FlashSpec fixes both:
-
A Triton kernel runs the entire accept/reject test on-device, reading only the two log-probabilities that matter per candidate token — so SRAM usage is O(1) in vocabulary size, constant at 32k or 128k tokens alike.
-
A K-armed bandit (UCB1 or Thompson sampling) selects which draft model to use at each step, adapting online with a provable O(√(KT log T)) regret bound. When the best drafter changes mid-conversation, it notices and recovers.
The output distribution is provably identical to plain autoregressive sampling from the target model (Leviathan et al., 2023 — Theorem 1). This is verified in CI by a Kolmogorov–Smirnov test at α = 0.01 over N = 10,000 samples. A failing KS test blocks the build. No exceptions.
git clone https://github.com/Mattral/FlashSpec && cd FlashSpec
# Linux + CUDA (accelerated Triton kernels):
pip install -e ".[dev,gpu]"
# Windows / macOS (pure-PyTorch reference kernels, numerically identical):
pip install -e ".[dev]"from flashspec import FlashSpecConfig, BanditConfig, SamplingConfig, TRITON_AVAILABLE
print(f"Triton kernels available: {TRITON_AVAILABLE}")
config = FlashSpecConfig(
device="cuda:0",
drafter_name="llama3-1b",
target_name="llama3-8b",
bandit=BanditConfig(n_arms=2, strategy="ucb1"),
sampling=SamplingConfig(gamma=4, temperature=1.0),
max_new_tokens=256,
)
# Full runnable demo: notebooks/01_quickstart.ipynbAll numbers below are clearly labelled by hardware, model, and measurement status. The project is committed to honest reporting — see AGENTS.md §18 for the policy.
First real GPU measurement, run on Google Colab T4.
See benchmarks/results/flashspec_ucb_tiny_llama.json.
| Metric | Value |
|---|---|
| Throughput | 44.2 tok/s |
| Token acceptance rate (α) | 0.75 |
| p50 step latency | 22.1 ms |
| GPU | Tesla T4 (15.6 GiB) |
| Quantization | NF4 (4-bit) via bitsandbytes |
| FlashSpec version | 0.1.3 |
Note: vanilla AR baseline not measured in this run — speedup ratio pending. The T4 is a compute-constrained consumer GPU; target hardware is H100 SXM5.

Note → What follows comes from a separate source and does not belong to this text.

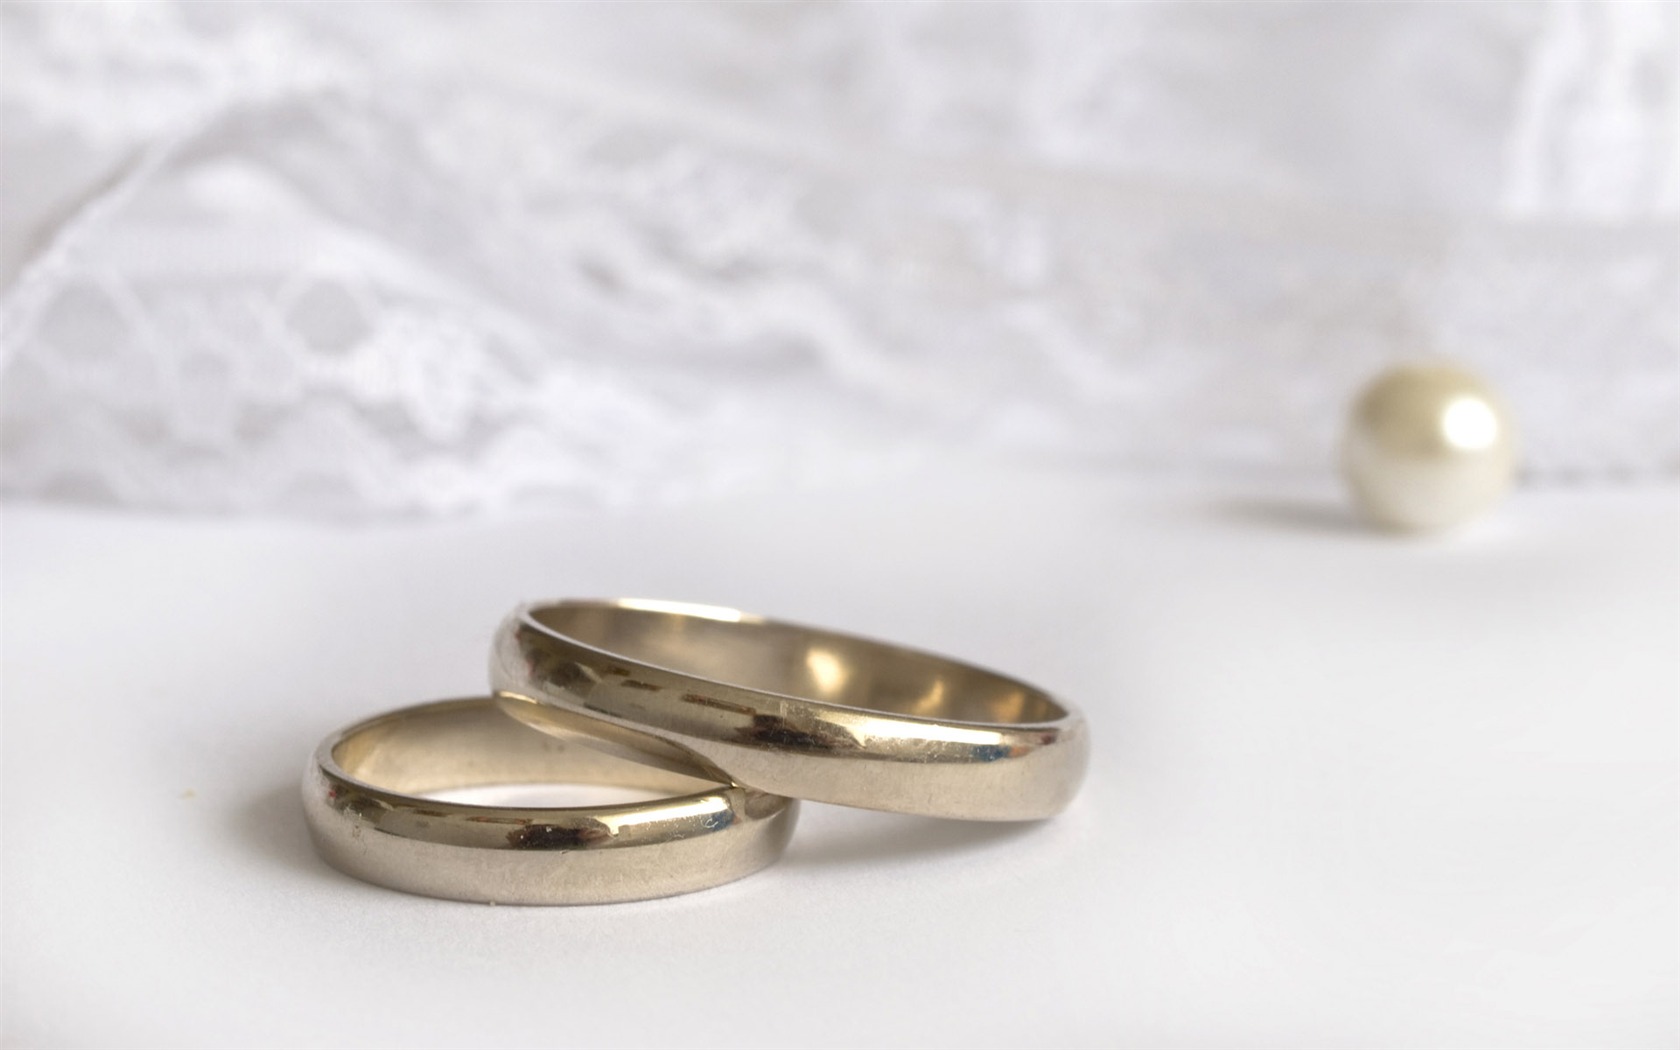 Mariage et papier peint anneau de mariage (2) #3 - 1680x1050

UCB1 and Thompson sampling empirically verified to satisfy the O(√(KT log T)) bound over 10,000 rounds. UCB1 cumulative regret at T=10,000: 100.2 (theory bound: ~526). Thompson cumulative regret at T=10,000: 18.9.
Source: notebooks/02_bandit_analysis.ipynb —
run on Colab T4 with pip install flashspec.
Acceptance rate and throughput across speculation lengths γ ∈ {1, 2, 4, 8, 16}.
Data in benchmarks/results/gamma_sweep.csv.
| γ | α (mean) | Throughput (tok/s) | Step (ms) |
|---|---|---|---|
| 1 | 0.720 | 1,992 | 0.50 |
| 2 | 0.680 | 4,623 | 0.43 |
| 4 | 0.690 | 9,746 | 0.41 |
| 8 | 0.748 | 17,748 | 0.45 |
| 16 | 0.714 | 35,659 | 0.45 |
⚠️ Throughput here is computed from toy random logprobs (no real model forward passes), so the absolute tok/s numbers reflect the sampling kernel alone, not end-to-end inference. The acceptance rate values are genuine. Real end-to-end γ sweep pending H100 run.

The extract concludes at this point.